Problem requirements:
Quote word for word the lines starting at the line with "La Diputación impulsará" and ending at the final line of the entries. Leave out any pictures.

The input below:

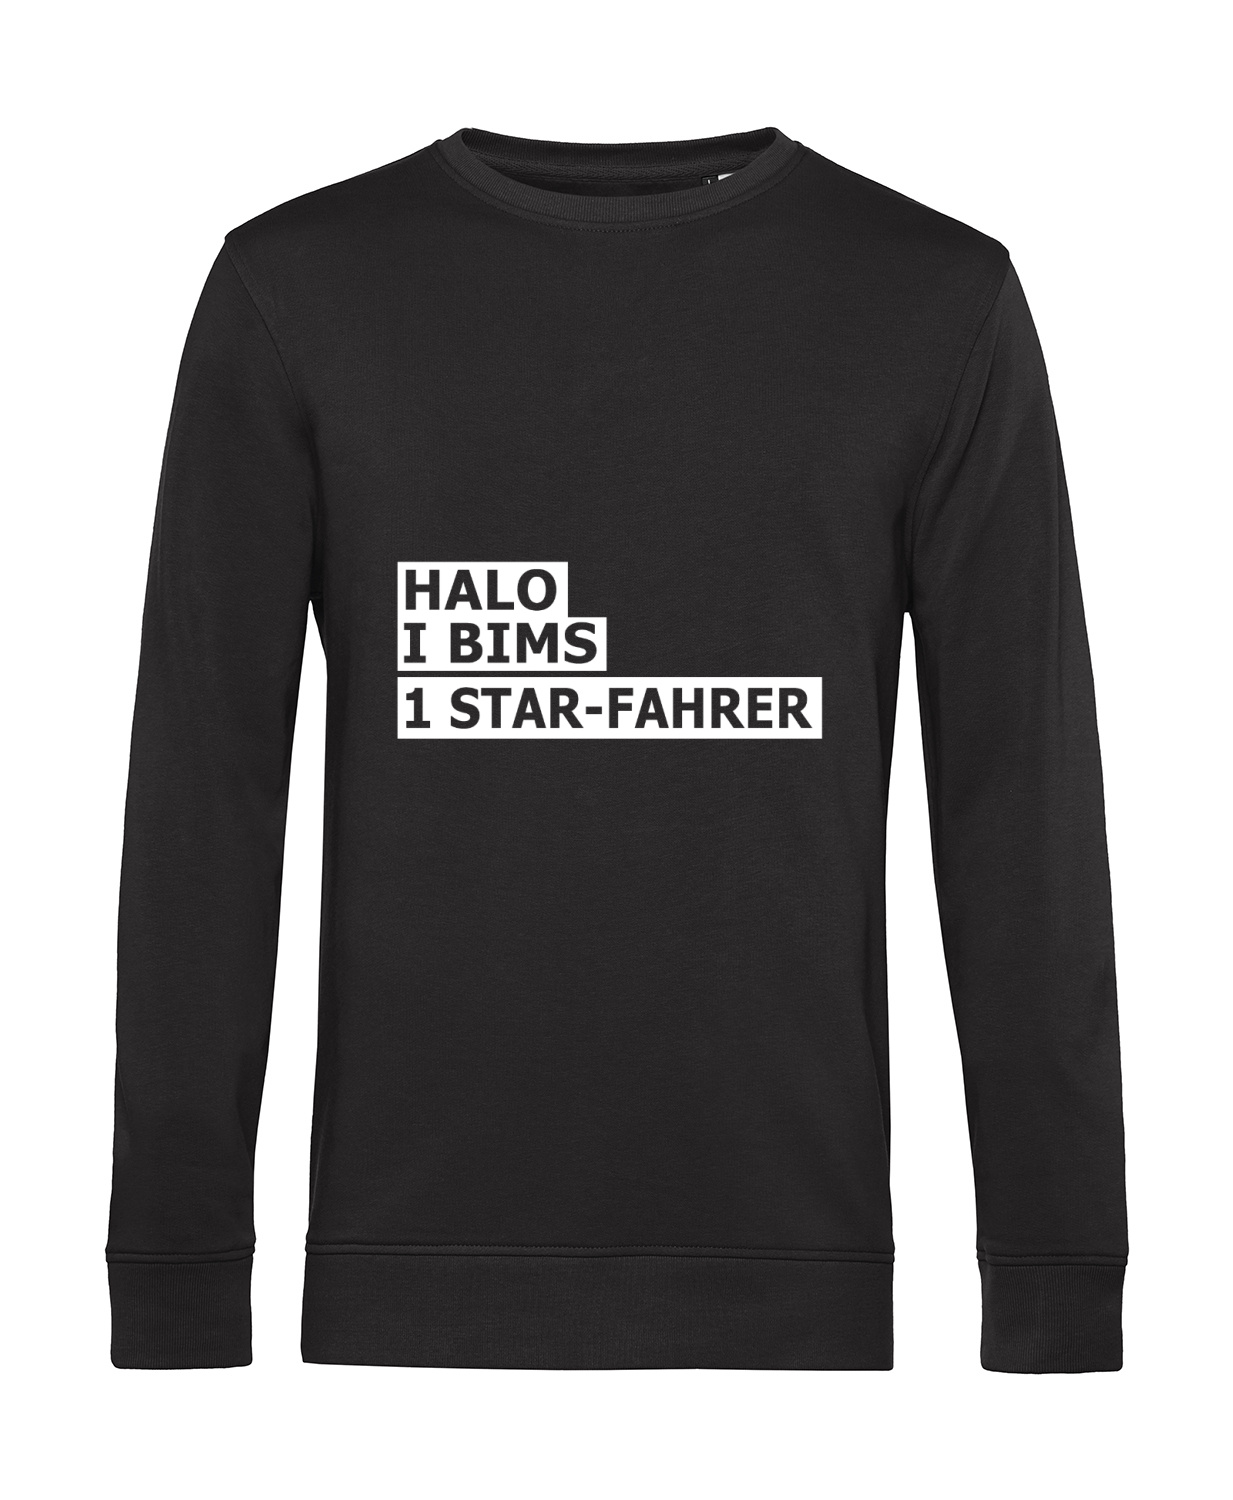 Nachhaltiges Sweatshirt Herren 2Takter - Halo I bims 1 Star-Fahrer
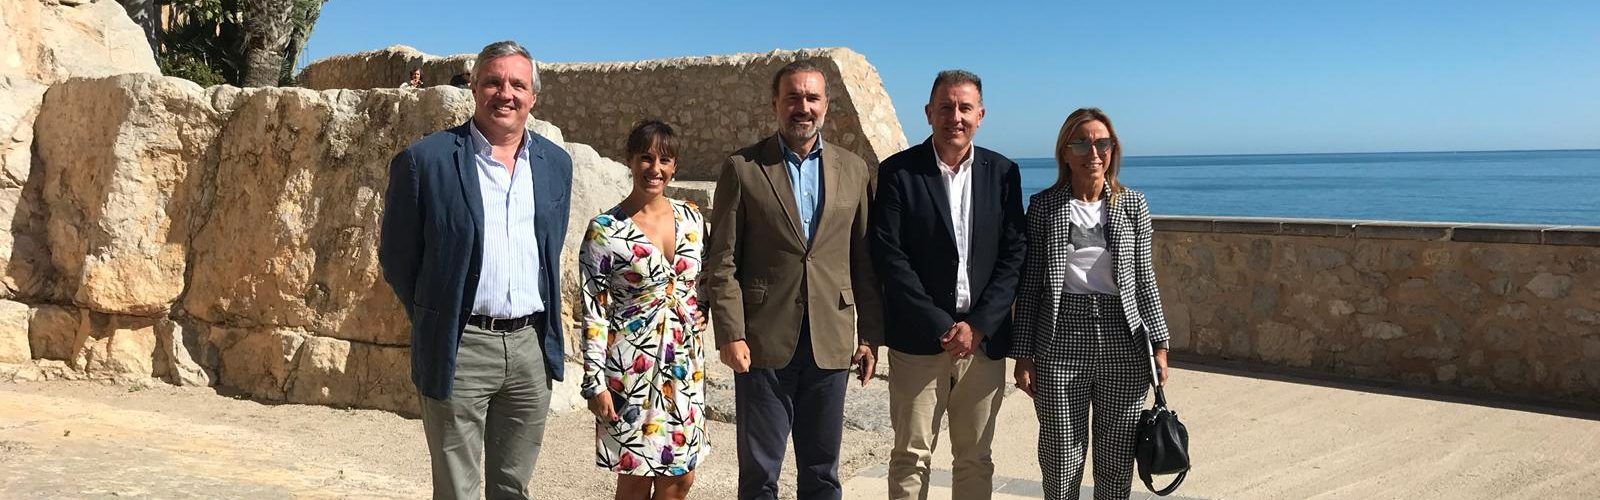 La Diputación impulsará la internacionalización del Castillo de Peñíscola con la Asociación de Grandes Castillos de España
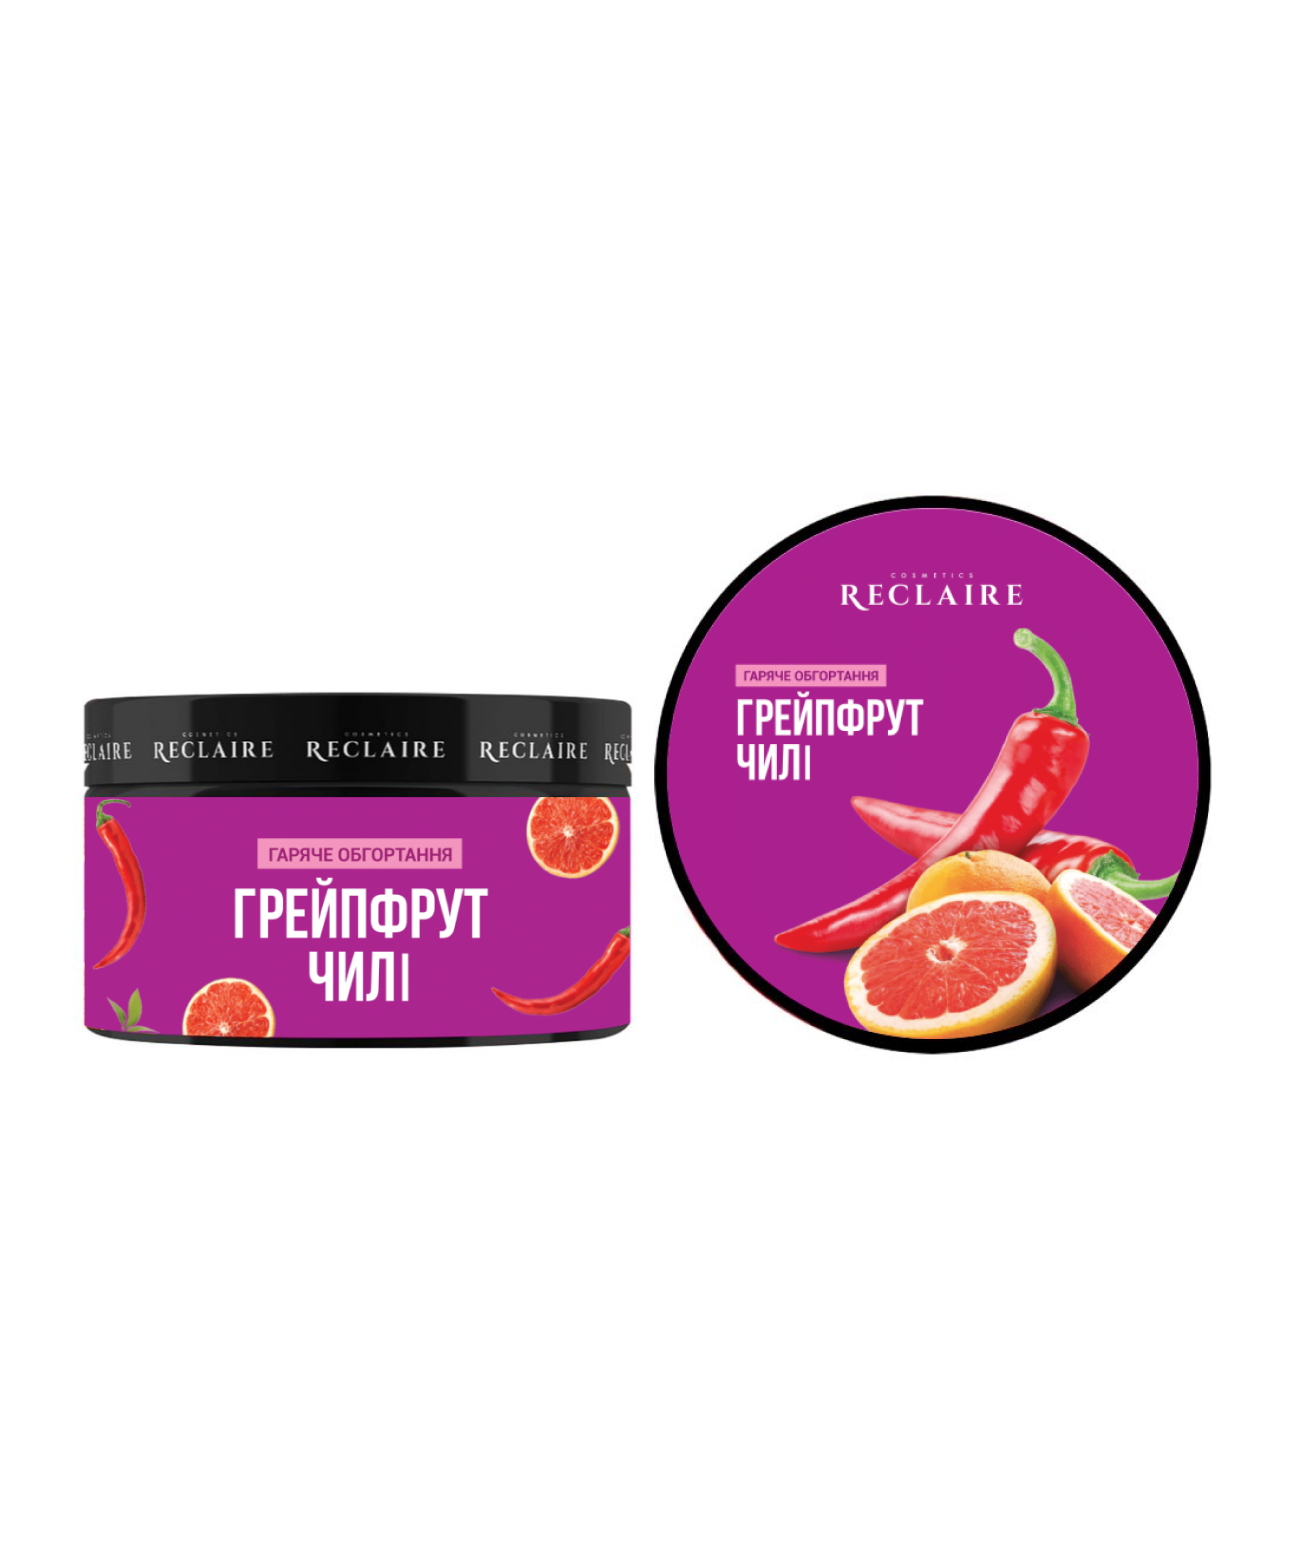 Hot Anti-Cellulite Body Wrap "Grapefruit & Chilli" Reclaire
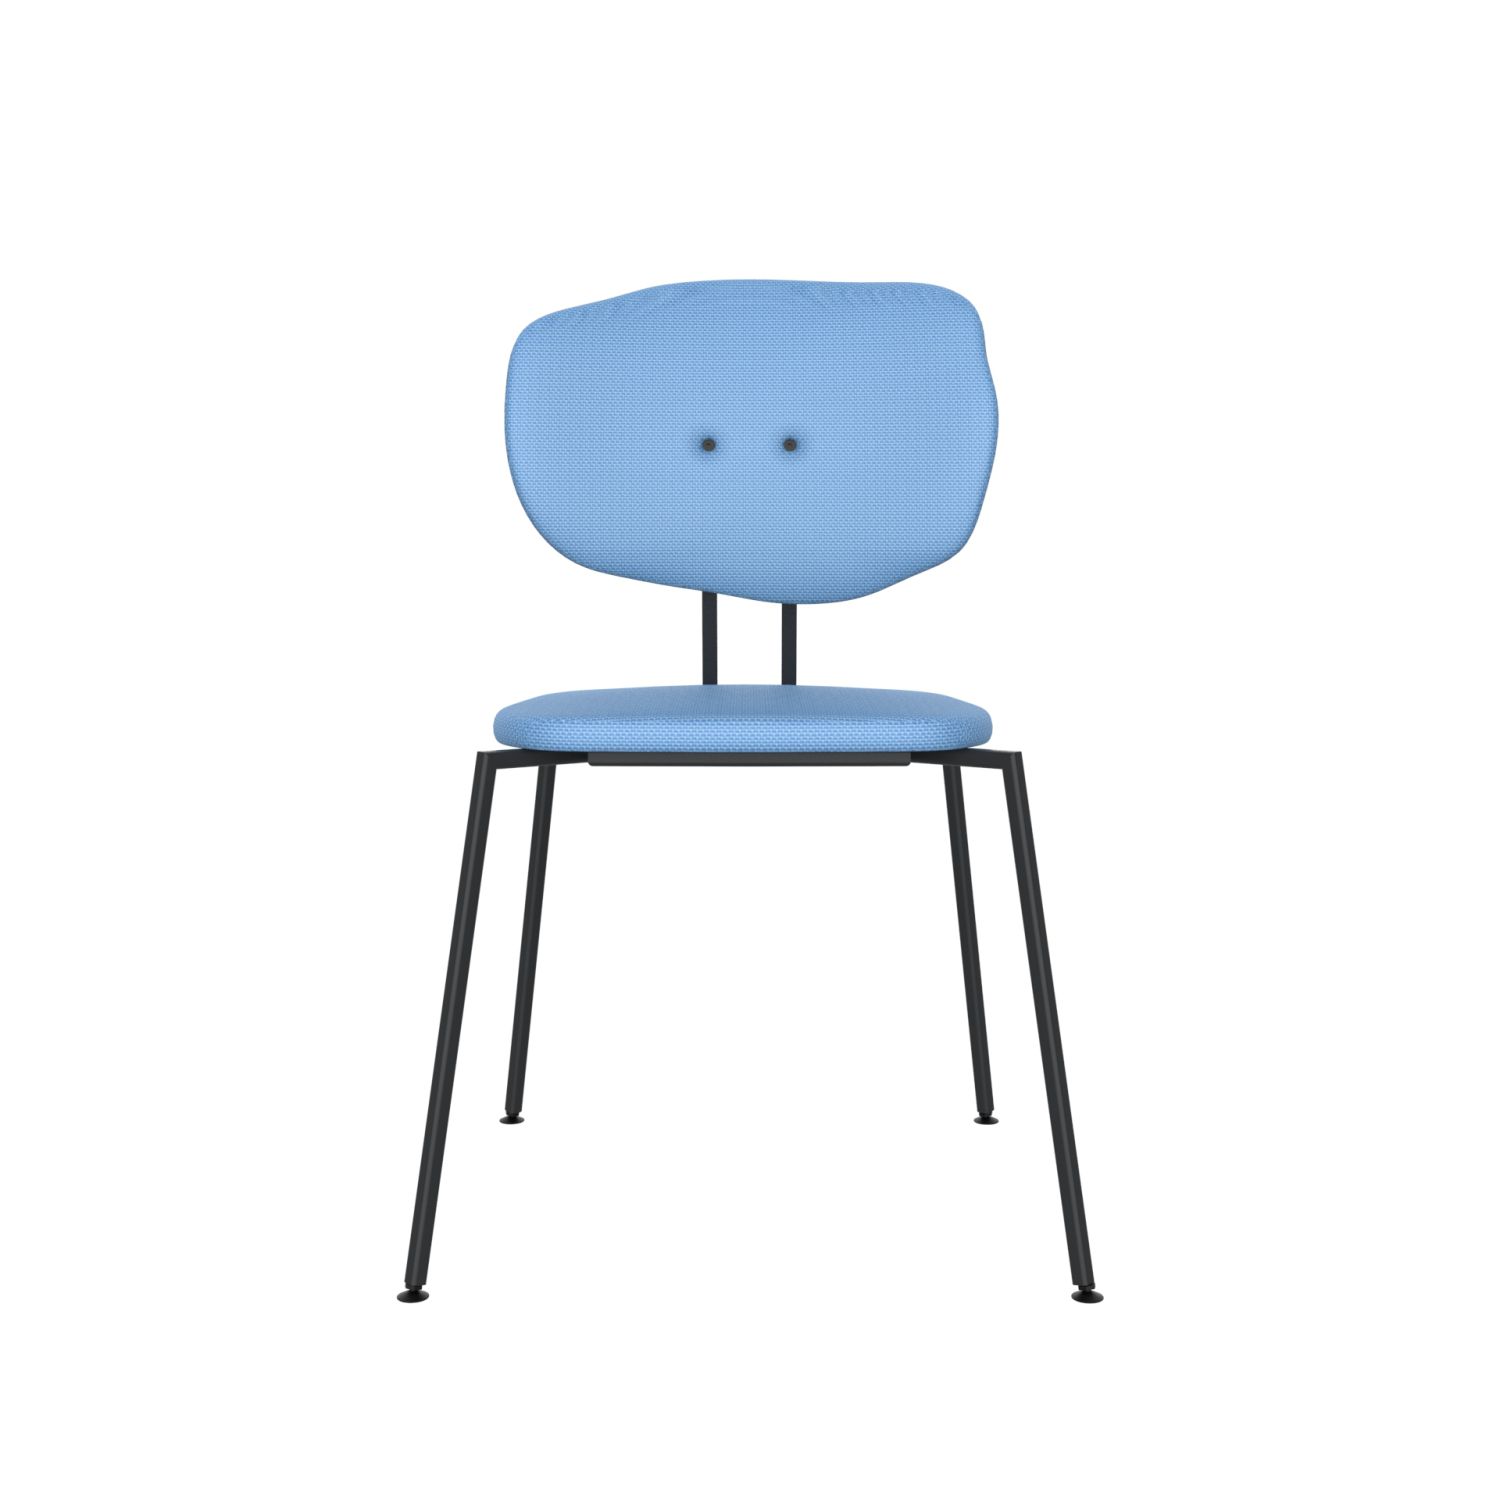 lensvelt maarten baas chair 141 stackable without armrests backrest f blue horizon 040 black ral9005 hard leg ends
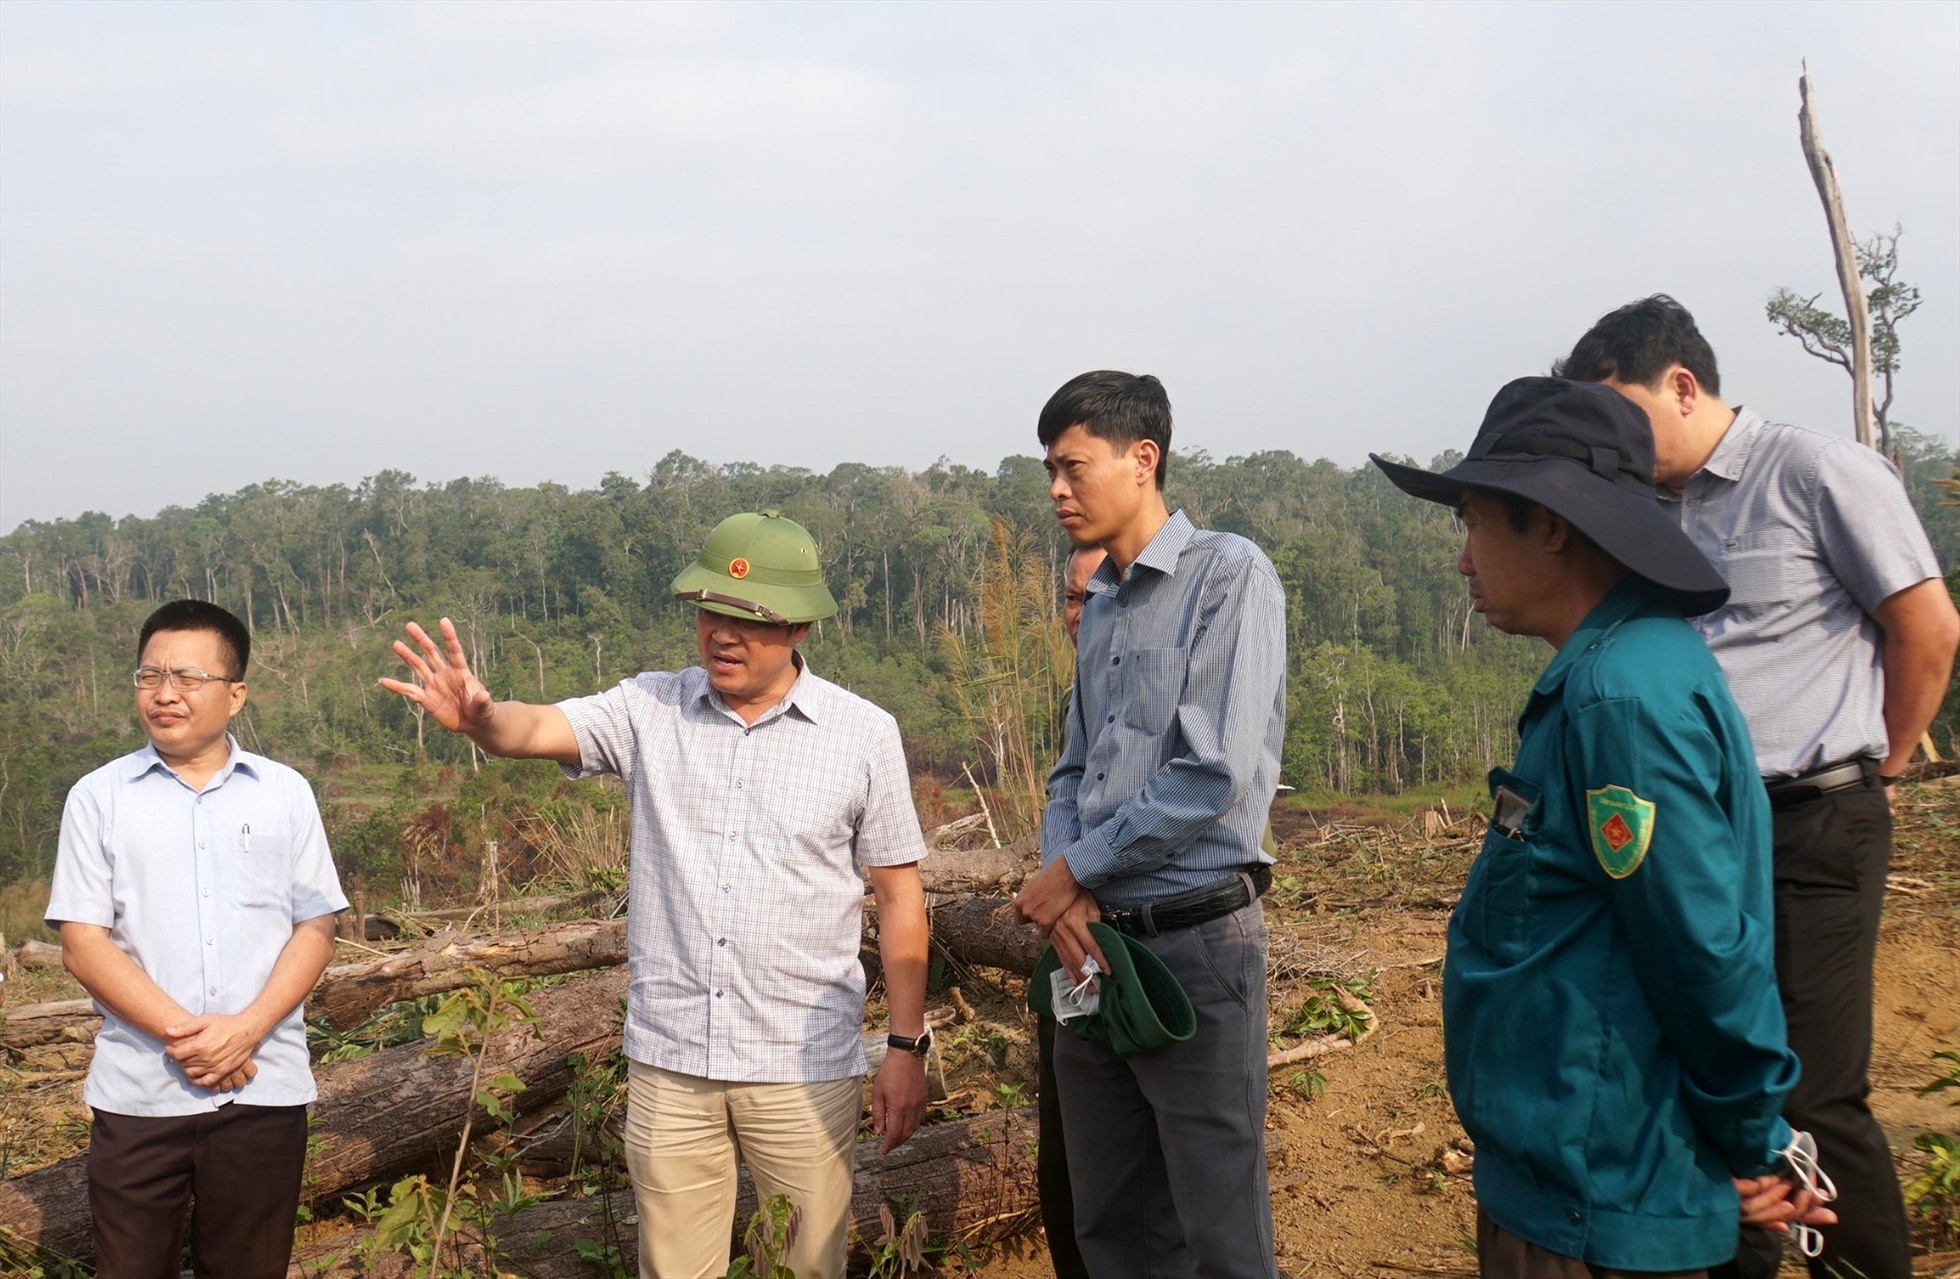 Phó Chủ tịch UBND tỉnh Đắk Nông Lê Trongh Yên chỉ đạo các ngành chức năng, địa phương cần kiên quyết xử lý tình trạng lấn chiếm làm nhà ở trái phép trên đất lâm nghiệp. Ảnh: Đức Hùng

End of The input.

Response to this task:
 La Diputación impulsará la internacionalización del Castillo de Peñíscola con la Asociación de Grandes Castillos de España
 Hot Anti-Cellulite Body Wrap "Grapefruit & Chilli" Reclaire
 lensvelt maarten baas chair 141 stackable without armrests backrest f blue horizon 040 black ral9005 hard leg ends
 Phó Chủ tịch UBND tỉnh Đắk Nông Lê Trongh Yên chỉ đạo các ngành chức năng, địa phương cần kiên quyết xử lý tình trạng lấn chiếm làm nhà ở trái phép trên đất lâm nghiệp. Ảnh: Đức Hùng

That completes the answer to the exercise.